When Dan-Dan Wlasuk headed to Uganda in May 2013 to spend eight weeks working in a health center, the young nursing student didn’t anticipate having the opportunity to help deliver babies.
Wlasuk, who earned her bachelor of science in nursing (B.S.N.) degree in May from St. Mary’s College, was one of four nursing majors at the college selected to work last summer at a medical clinic run by the Sisters of the Holy Cross in the African nation.
She knew from the minute she learned about the student-practicum program that she wanted to be a part of it. Wlasuk says she was attracted by the opportunity to learn about the Ugandan culture and medical system while putting her nursing skills to work.
The Sisters of the Holy Cross health center, which includes small in-patient and out-patient wards as well as an HIV clinic, is located in Kyarusozi, a village in the west-central region of Uganda. Patients arrive on foot or on board moped-like boda-bodas. The closest village is thirty minutes away, and many are much farther.
“Women would walk all day” to reach the clinic, Wlasuk says, and some of the clinical staff nurses would travel to villages to treat those who could not come to the health center.
The clinic doesn’t have a full-time medical doctor and is managed by only two Sisters and their staff of nurses, midwives and lab technicians, so the nursing students’ roles are important. The students joined the nurses on their trips to rural areas to provide immunizations and also tested patients for HIV and malaria.
Wlasuk was surprised to find that her job also included performing medical tasks that student nurses are not permitted to carry out in the U.S. “They treated us like nurses, and they give the nurses there so much more autonomy,” she says.
She soon found herself learning to start IVs and conduct prenatal exams. Wlasuk learned to calculate IV drip rates because the clinic did not have IV pumps, and was taught to use a fetascope, a wooden tool that detects a fetal heartbeat.
To Wlasuk’s surprise, a local midwife even suggested that she deliver a baby – something she was relieved did not actually come to pass, although she did observe deliveries.
Despite the challenges of mastering the medical activities, she says her biggest challenge was learning the local dialect, Rutooro. Neighborhood children and the clinic staff helped by teaching the nursing students the key words they needed to communicate effectively with patients.
Wlasuk was interested in pursuing a career in medicine even as student at Sycamore. “I first wanted to be a doctor, then I wanted to be teacher,” she says. As an eighth-grader, she worked as a nanny for a nurse practitioner, and as a senior at North Central High School, she decided she wanted to be a nurse. She was attracted by the versatility of the profession, which would provide her with the skills to teach nursing students and to work as a nurse practitioner.
She says her education at Sycamore provided her with a head start to success. In eighth grade, she spent the day working with a teacher during “Shadow Day.” “That was really important to me,” she remembers. She also notes that Sycamore “prepared me to be more independent.” She singles out Mr. Schuth’s Chemistry course as particularly challenging. It was a “tough road,” she says, but “every time I took it I got a little better at it.”
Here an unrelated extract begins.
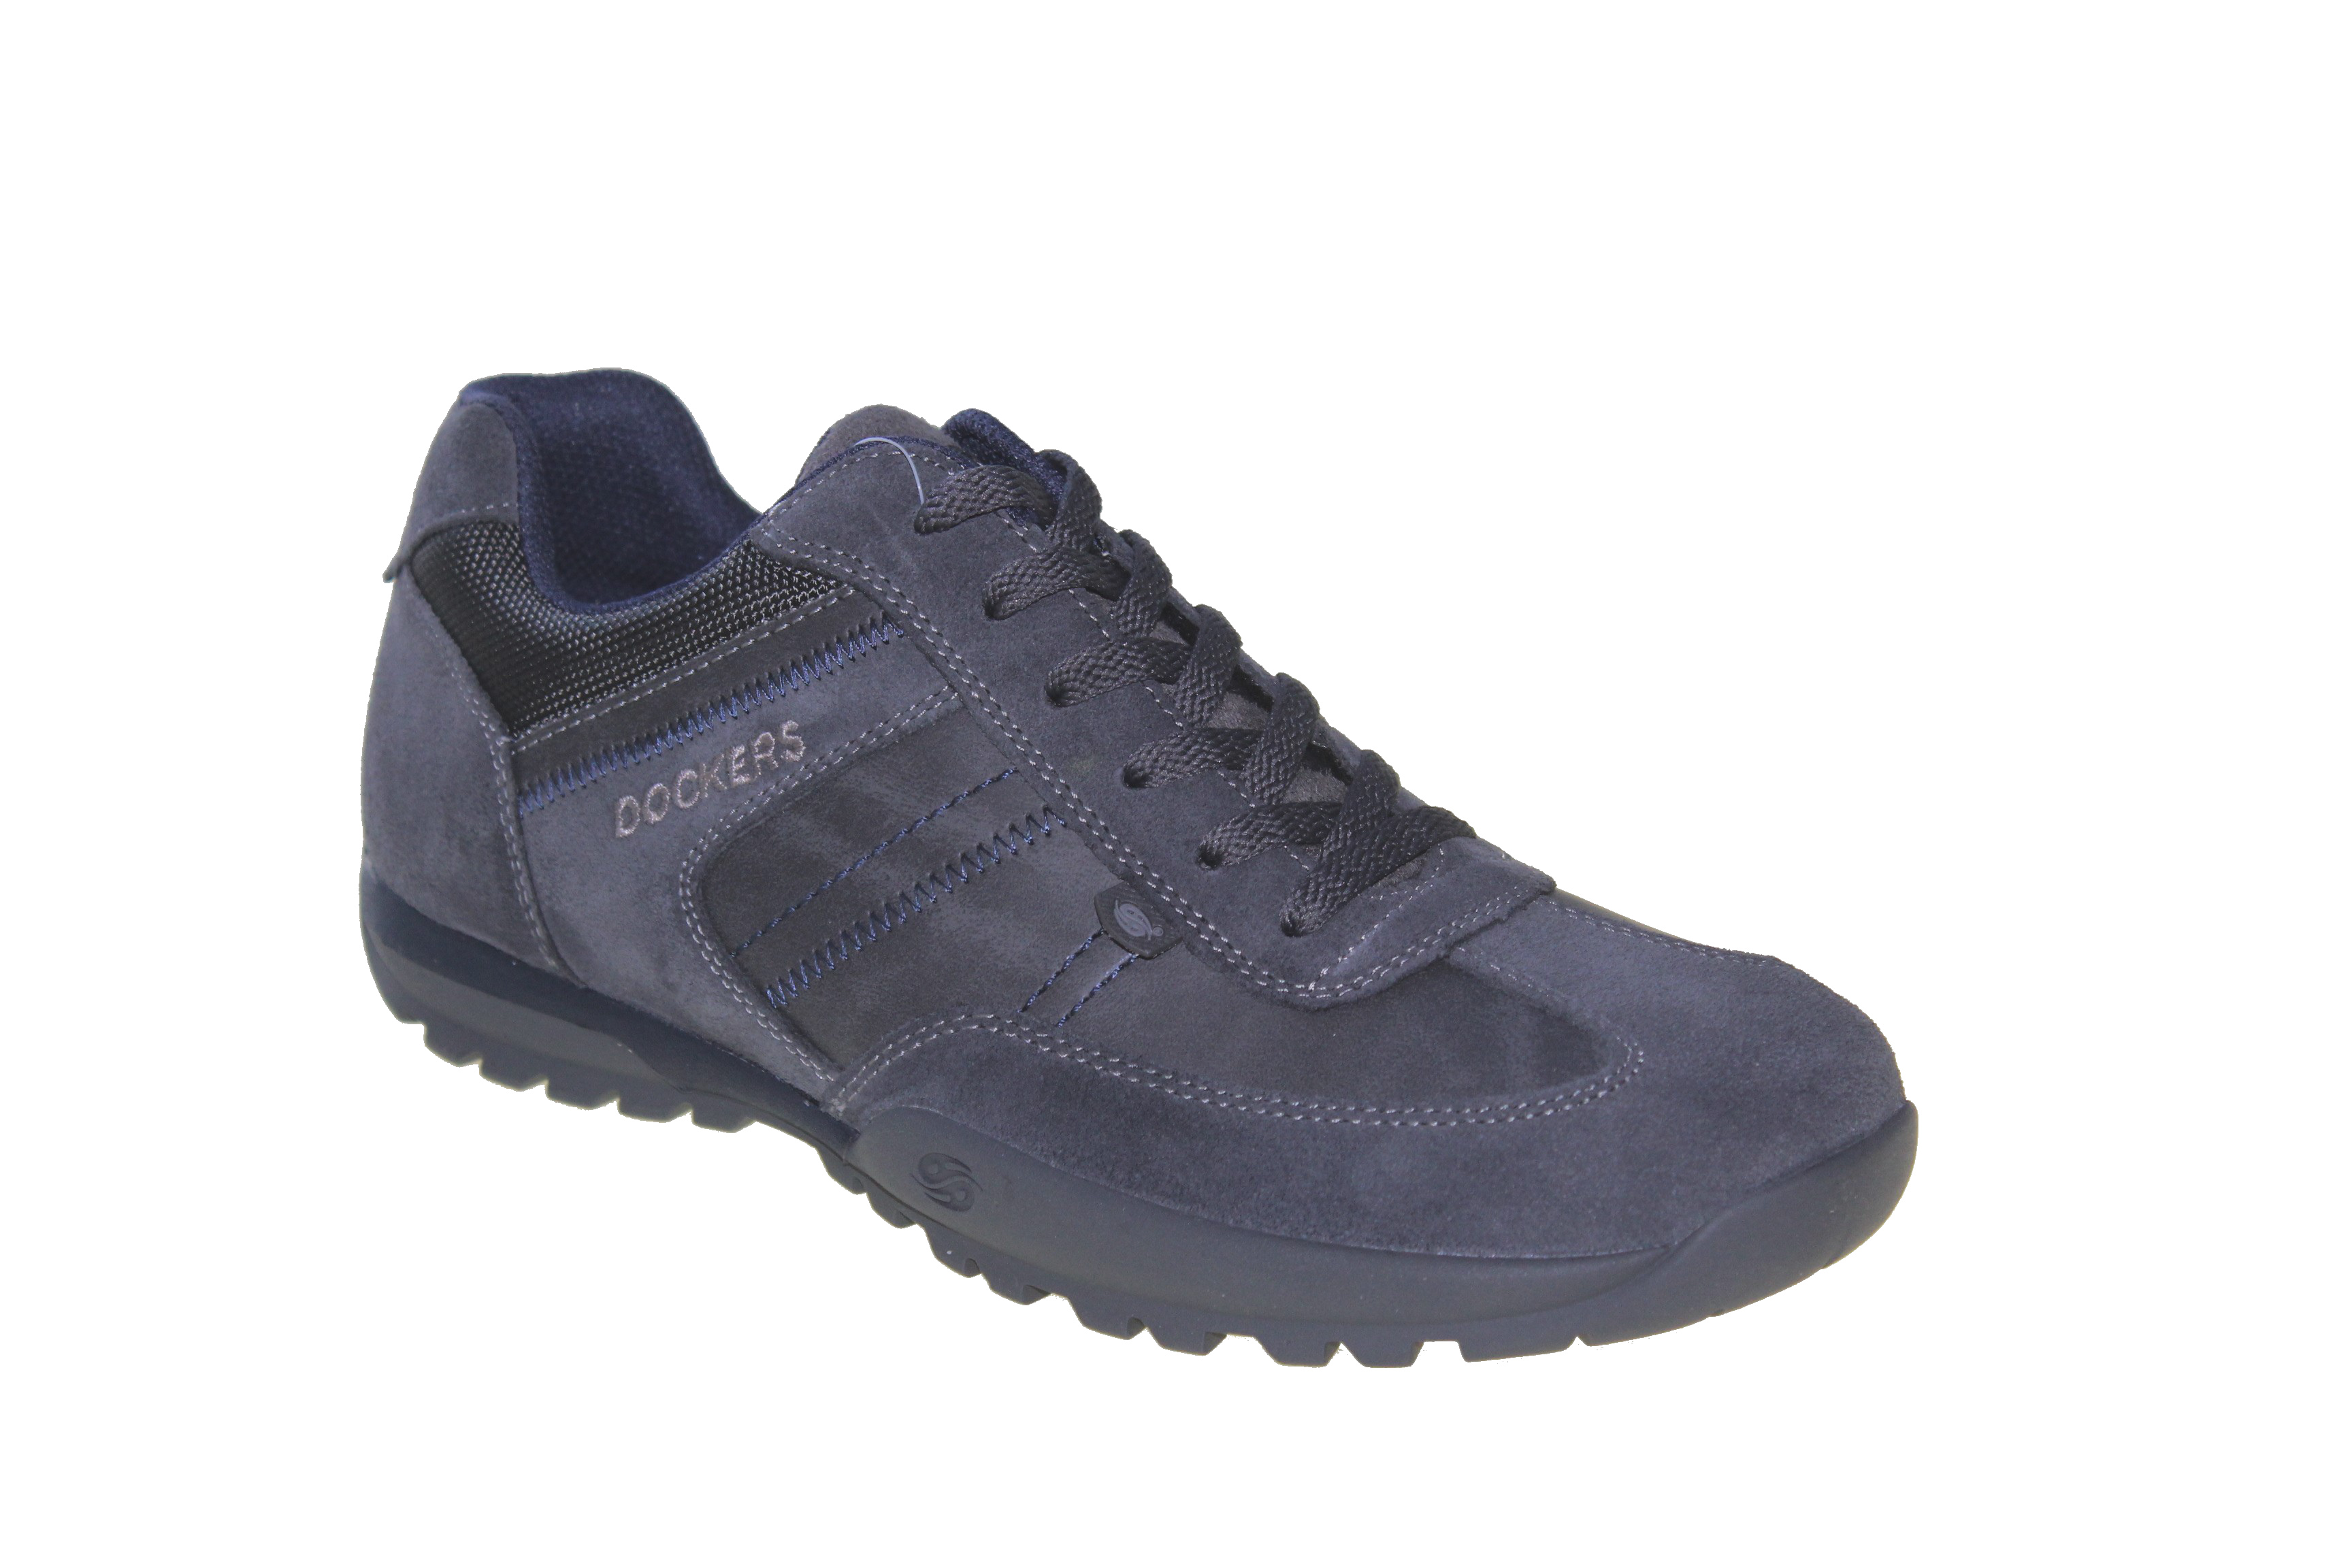 Details zu NEU Dockers 36HT004 206236 Herrenschuhe Sneaker Halbschuhe Leder Grau do23

That preparation enabled her to enroll in all AP honors classes during high school. She says her family, including her sister Mei-Mei, who graduated from Sycamore in 2004, “always looks back on the teachers, who were very supportive.” She recently stopped by Sycamore for a visit. “It’s still a close-knit community,” she says.
After returning from her summer in Africa, Wlasuk continued to support the programs of the Sisters of the Holy Cross. She was chosen to be a peer-advisor for the Uganda study-abroad program applicants, and served as president of Belles4Africa, a club that raises funds for the Sisters of the Holy Cross hospital.
Today, following graduation from St. Mary’s, she’s awaiting news on potential jobs, which include nurse residencies at several universities.
The experience in Uganda taught her a lot about herself. “I am a lot more independent than I thought. If I push myself a little harder I can do anything I want.”